> _WHAT IS EXPECTED_
Pictures in the data below are not part of the copy; transcribe everything else exactly.

> _INFORMATION PROVIDED_
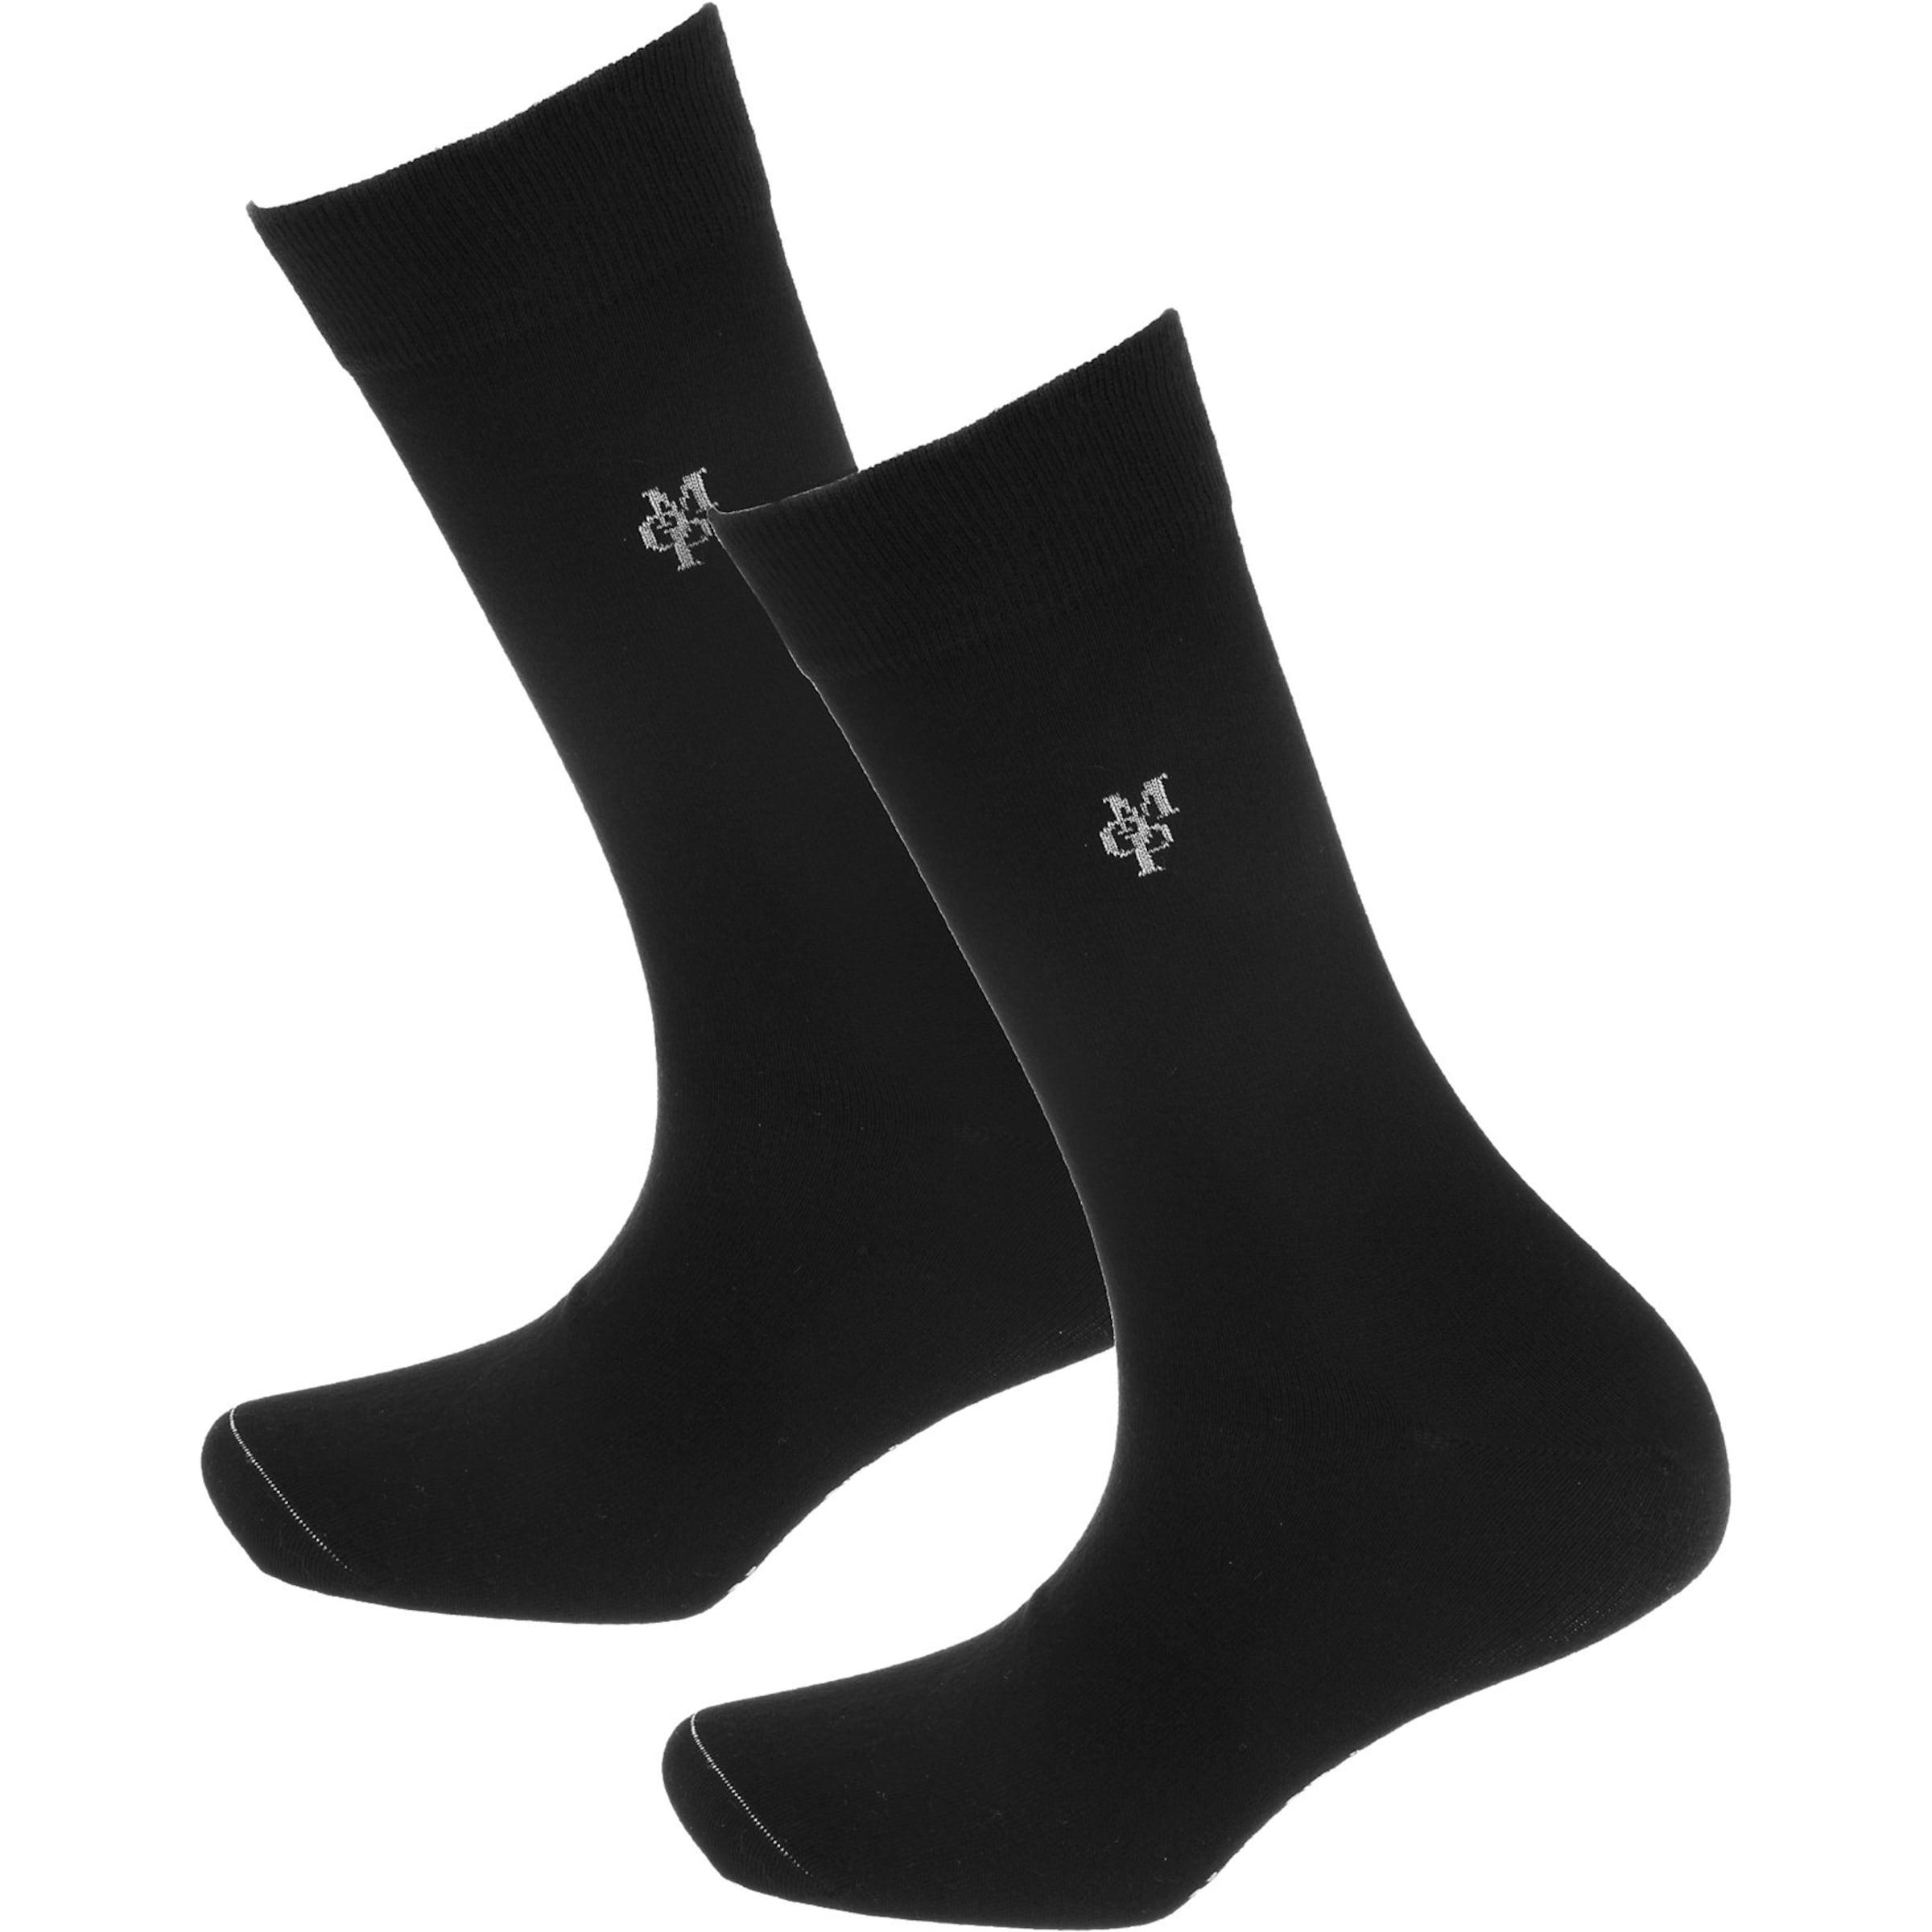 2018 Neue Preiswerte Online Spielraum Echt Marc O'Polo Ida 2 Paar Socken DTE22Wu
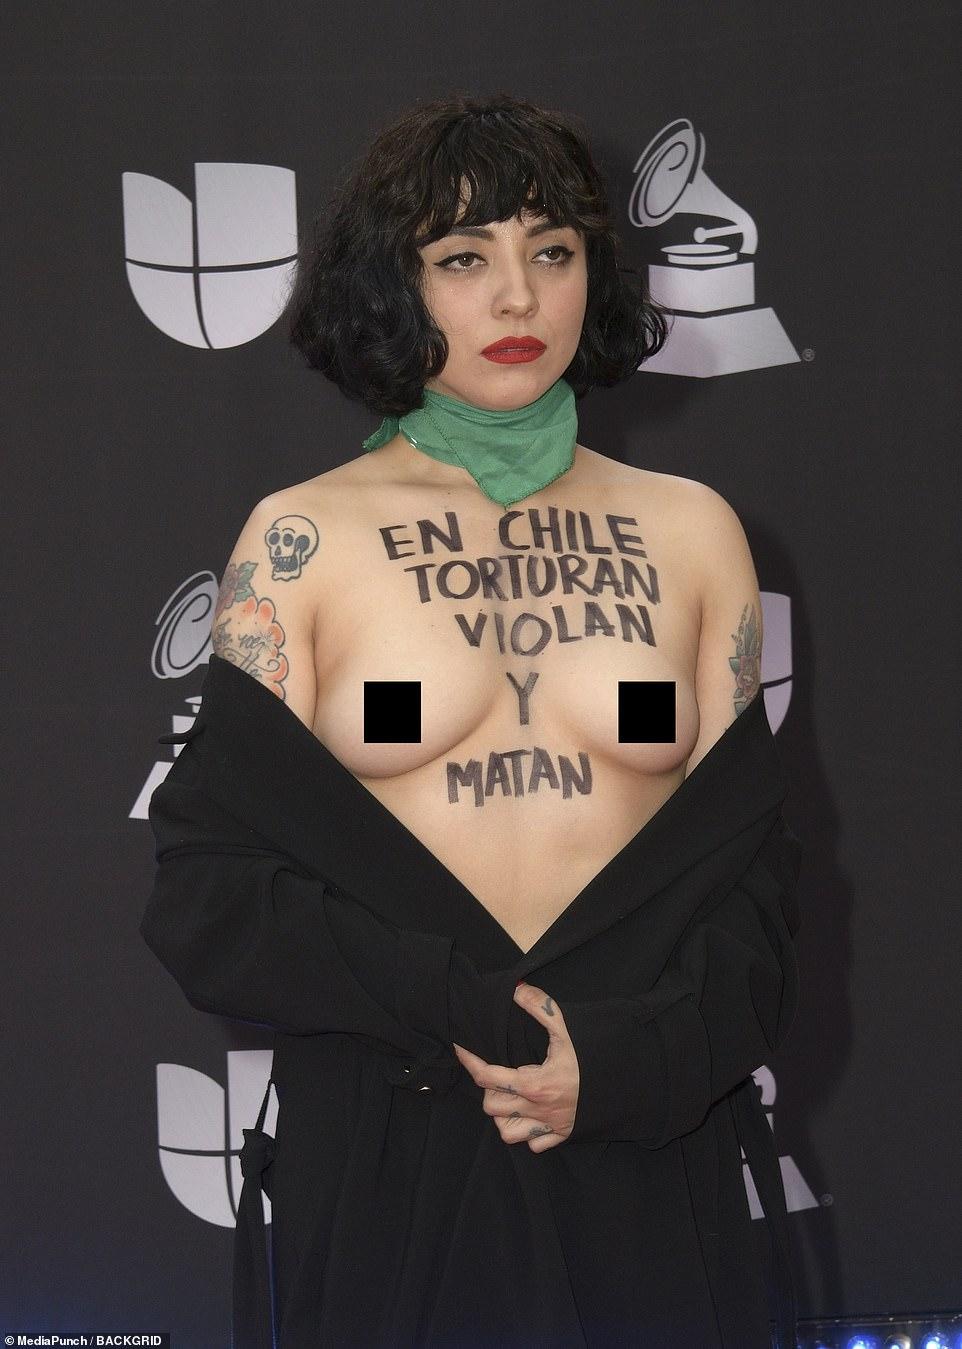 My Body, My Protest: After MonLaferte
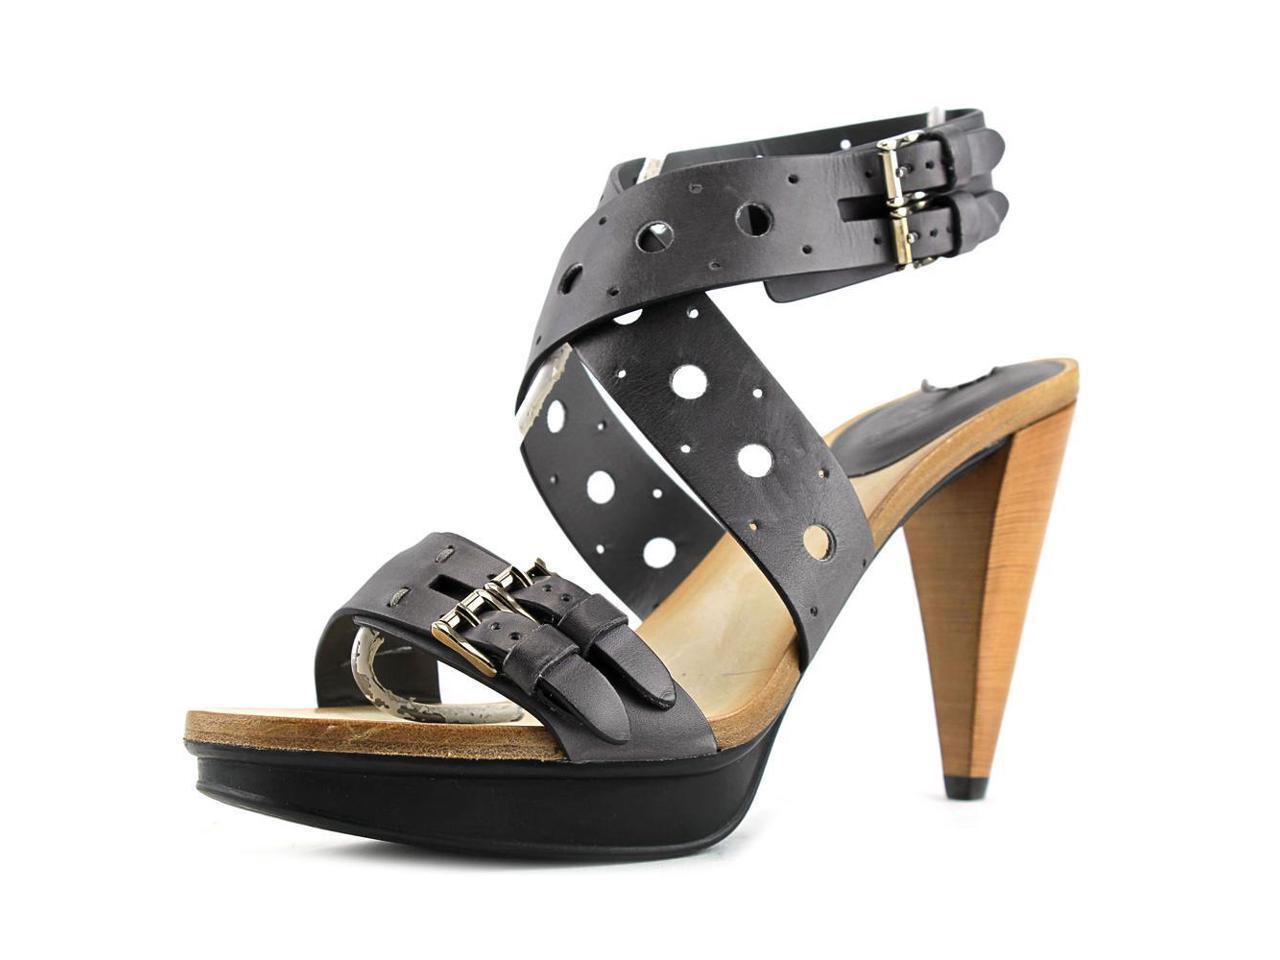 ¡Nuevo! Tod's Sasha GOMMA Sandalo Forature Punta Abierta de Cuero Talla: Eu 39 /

> _EXERCISE RESPONSE_
 2018 Neue Preiswerte Online Spielraum Echt Marc O'Polo Ida 2 Paar Socken DTE22Wu
 My Body, My Protest: After MonLaferte
 ¡Nuevo! Tod's Sasha GOMMA Sandalo Forature Punta Abierta de Cuero Talla: Eu 39 /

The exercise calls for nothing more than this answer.